En 1907, Henry James engage une nouvelle secrétaire. Theodora Bosanquet, qui demeura à son service jusqu’à la mort de l’écrivain. Rebaptisée Frieda Wroth, elle est la voix de cet étonnant roman dont on ne sait plus vraiment qui est l’auteur, tant Michiel Heyns est un virtuose du style jamesien.

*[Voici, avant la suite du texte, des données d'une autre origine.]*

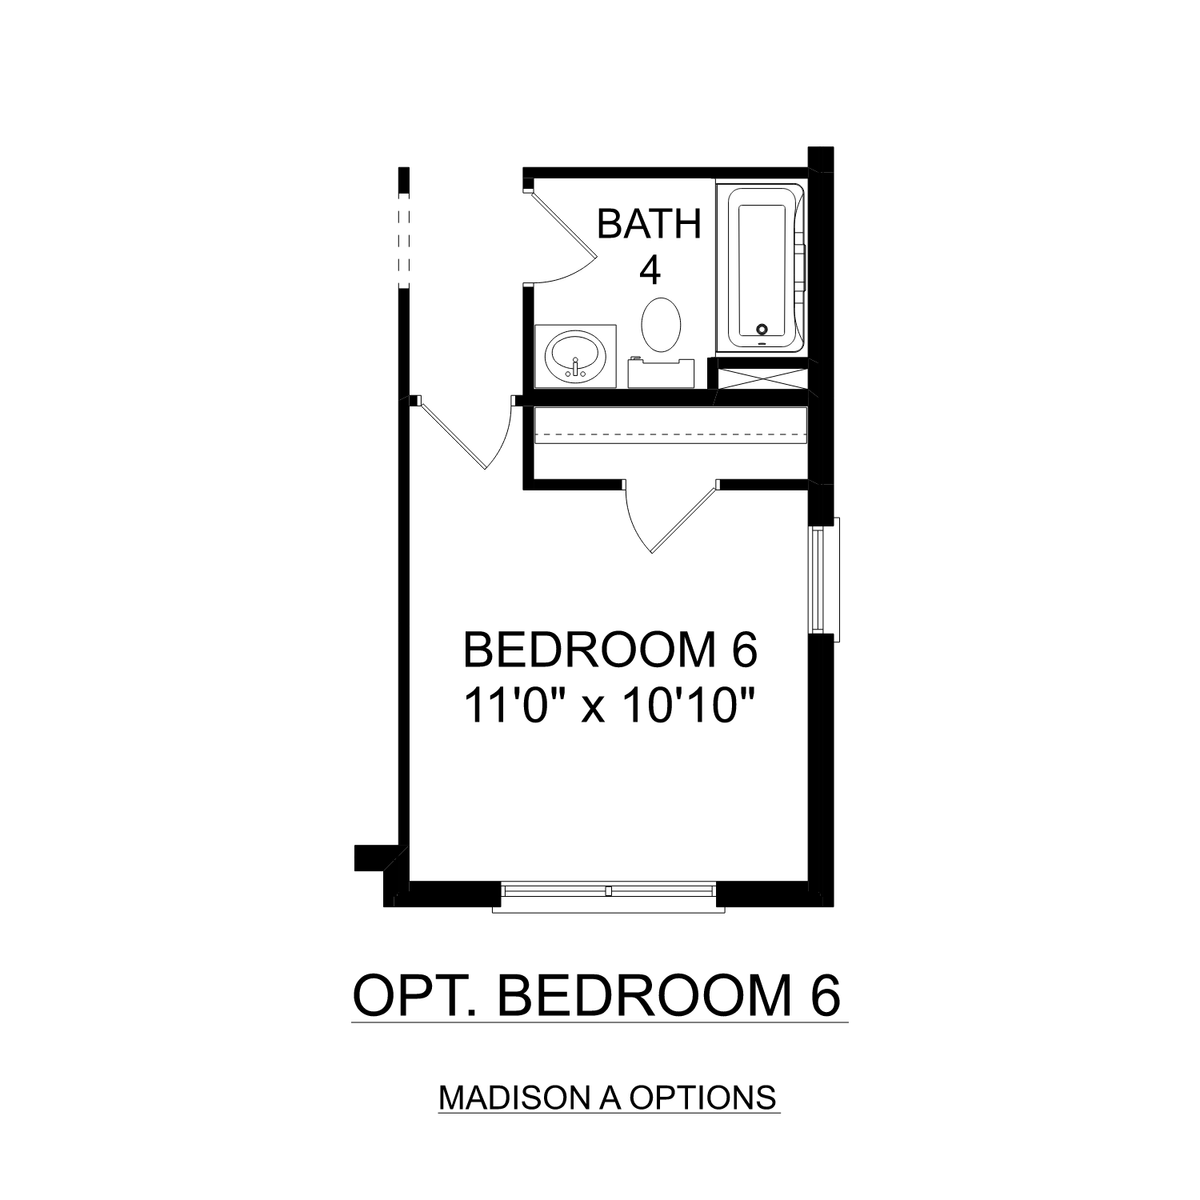 3 - The Madison A buildable floor plan layout in Davidson Homes' Barnett's Crossing community.

Combinant faits et fiction, il recrée la petite ville de Rye et la société gravitant autour du Maître : la vie à Lamb House – la grande maison de brique où se croisent et se recroisent les domestiques imperturbables –, les invités bavards et indiscrets, la famille James (le docte professeur William, sa femme et leurs deux enfants), la redoutable meneuse des suffragettes, une medium et ses séances de spiritisme, les jeunes disciples mâles de James, sont oublier Max le chien – tous emportés dans une sorte de tourbillon.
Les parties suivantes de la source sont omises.